++++ Provided data ++++

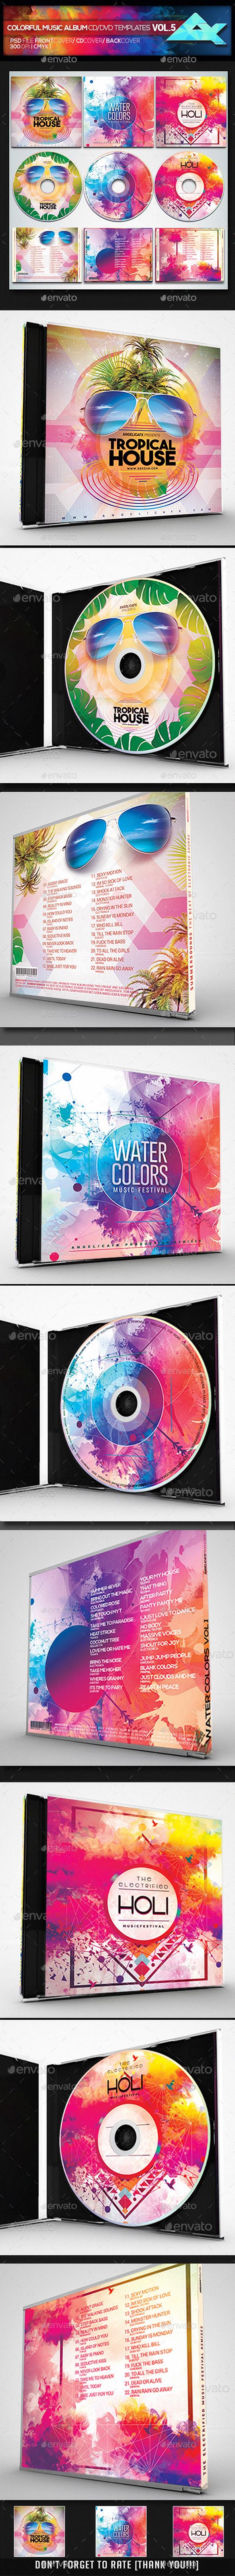 Colorful CD/DVD Album Covers Bundle Vol. 5 - CD & DVD Artwork Print Templates
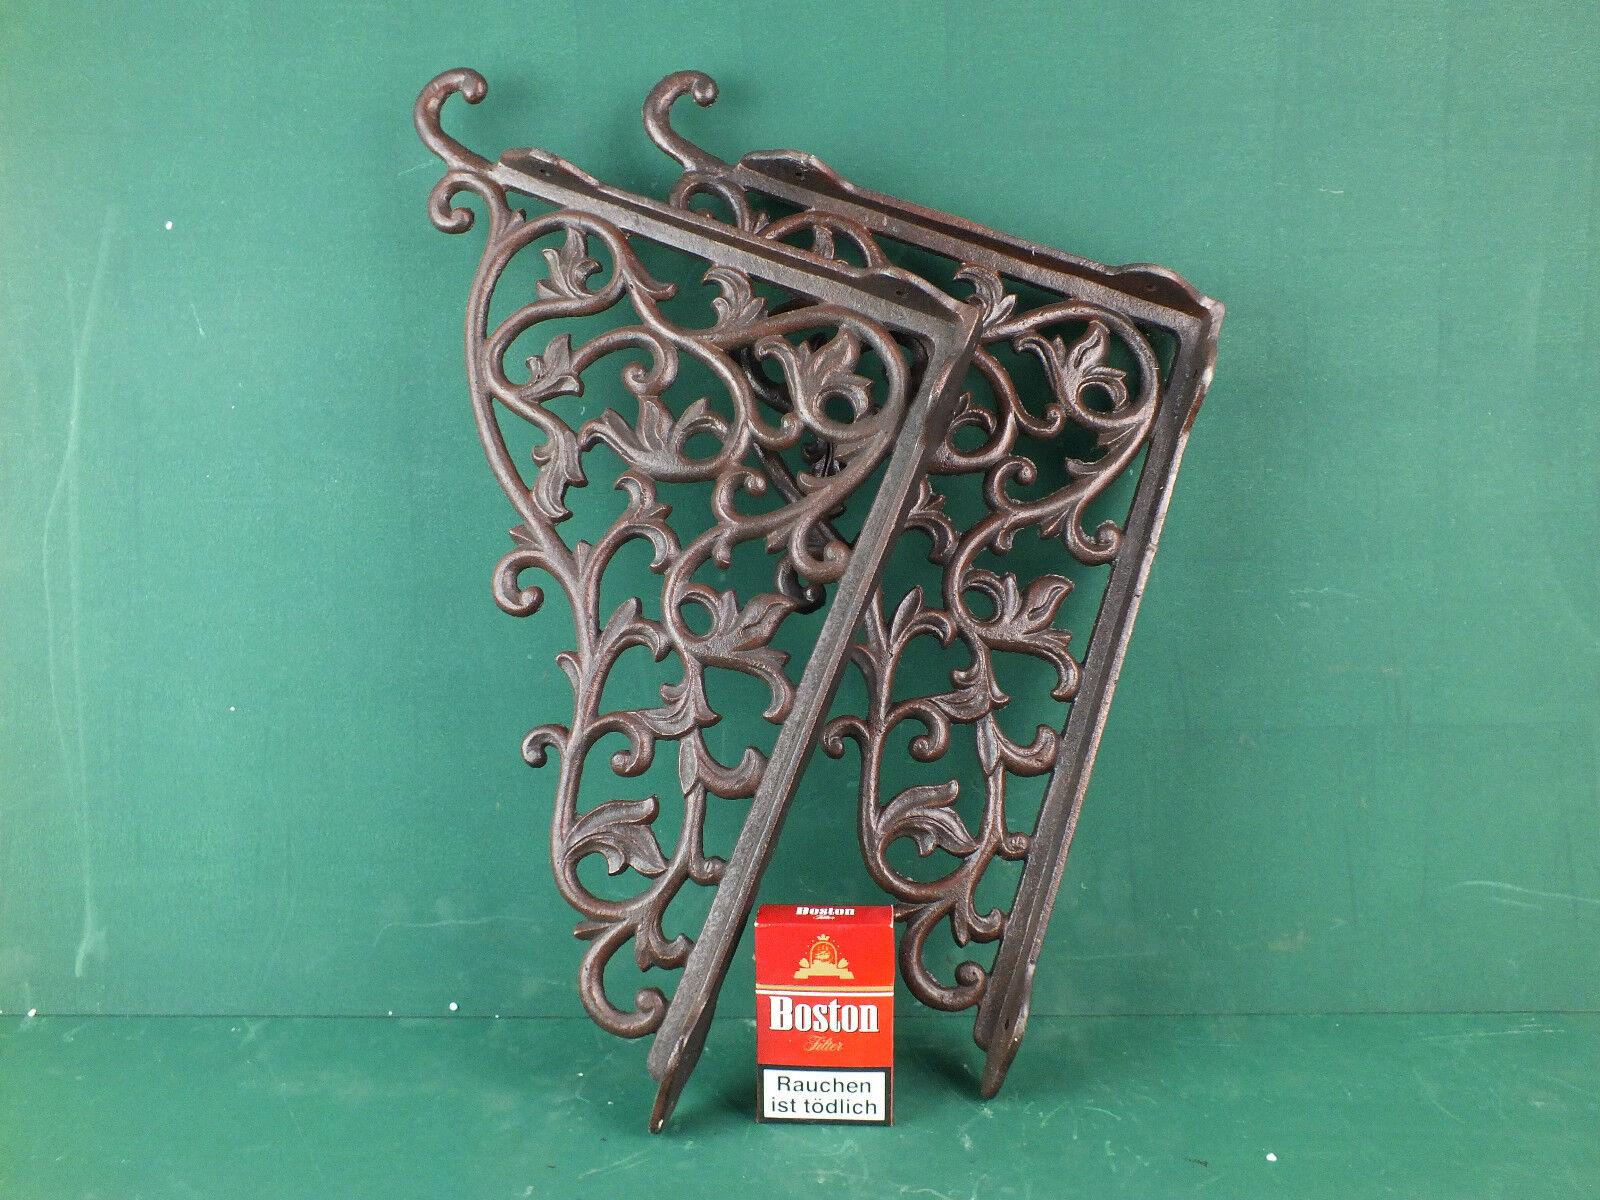 1 Paar Regalwinkel Regalstützen sehr große Jugendstil verzierte Eisen Wandwinkel
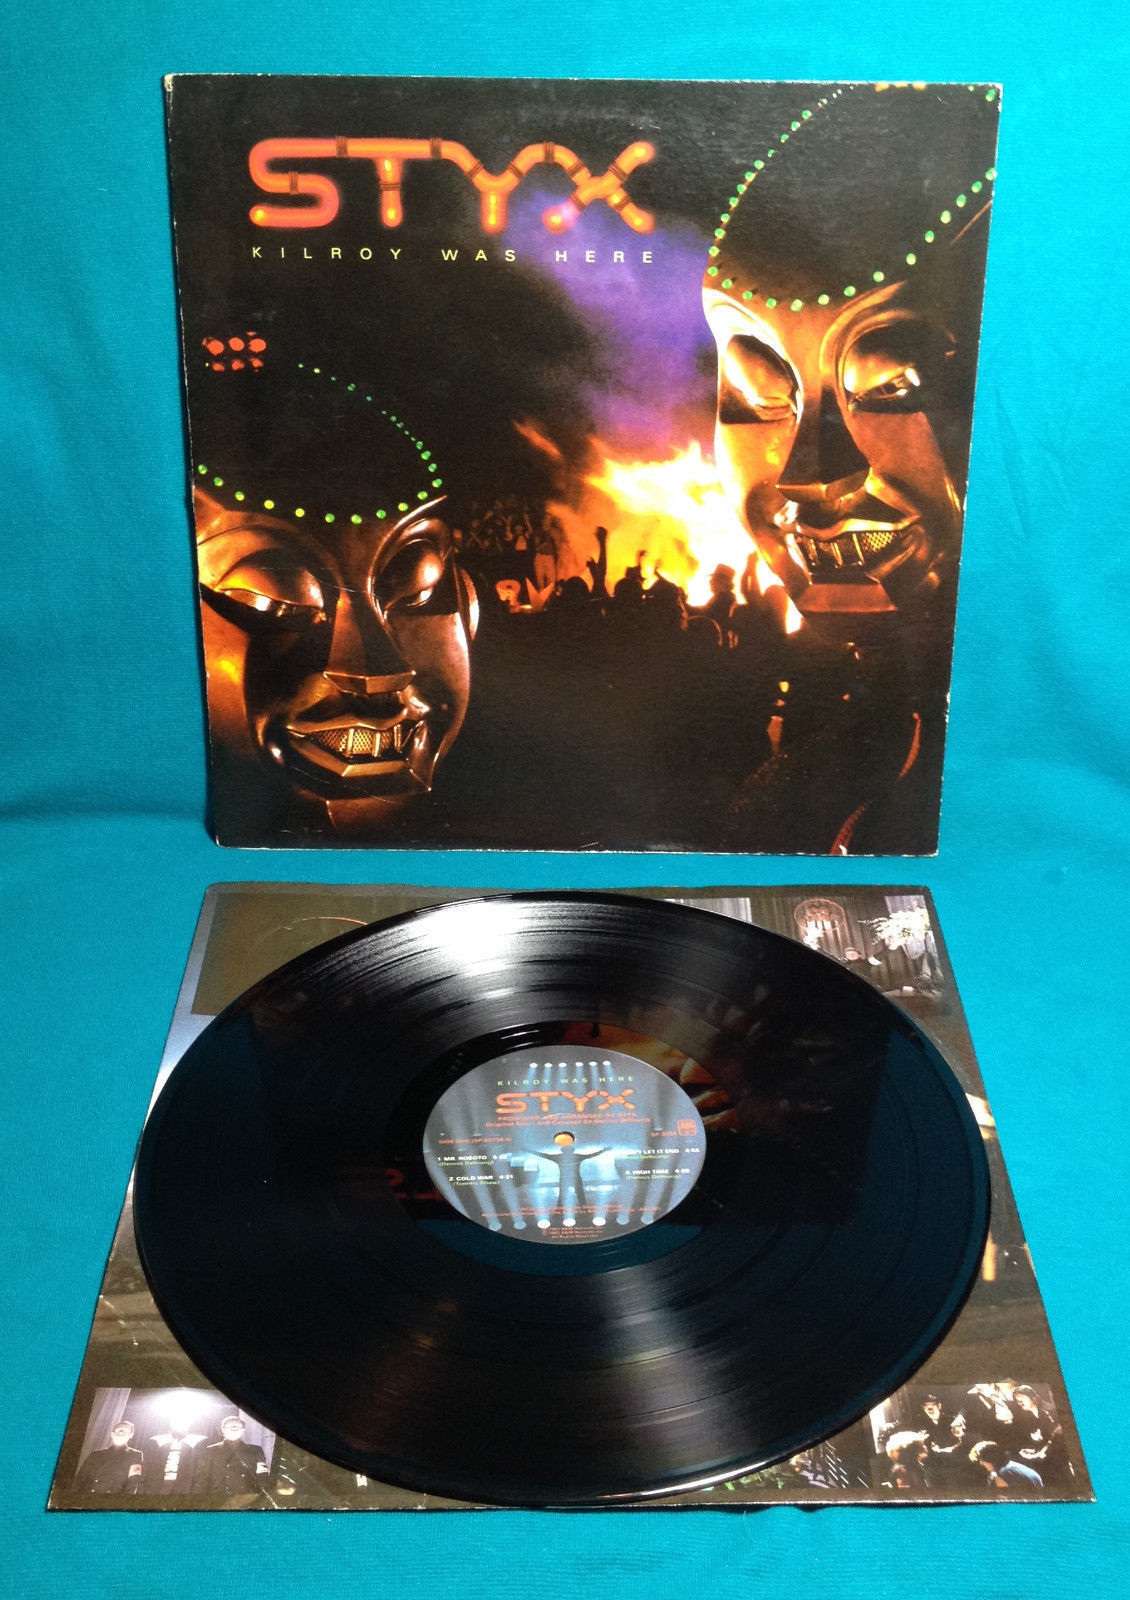 Styx Kilroy Was Here LP Vinyl Record 1983 A&M Gatefold Music Album VERY GOOD

++++

▶ **Try it**
Restate the data above word for word. Skip every picture.

▶ **Task solution**
 Colorful CD/DVD Album Covers Bundle Vol. 5 - CD & DVD Artwork Print Templates
 1 Paar Regalwinkel Regalstützen sehr große Jugendstil verzierte Eisen Wandwinkel
 Styx Kilroy Was Here LP Vinyl Record 1983 A&M Gatefold Music Album VERY GOOD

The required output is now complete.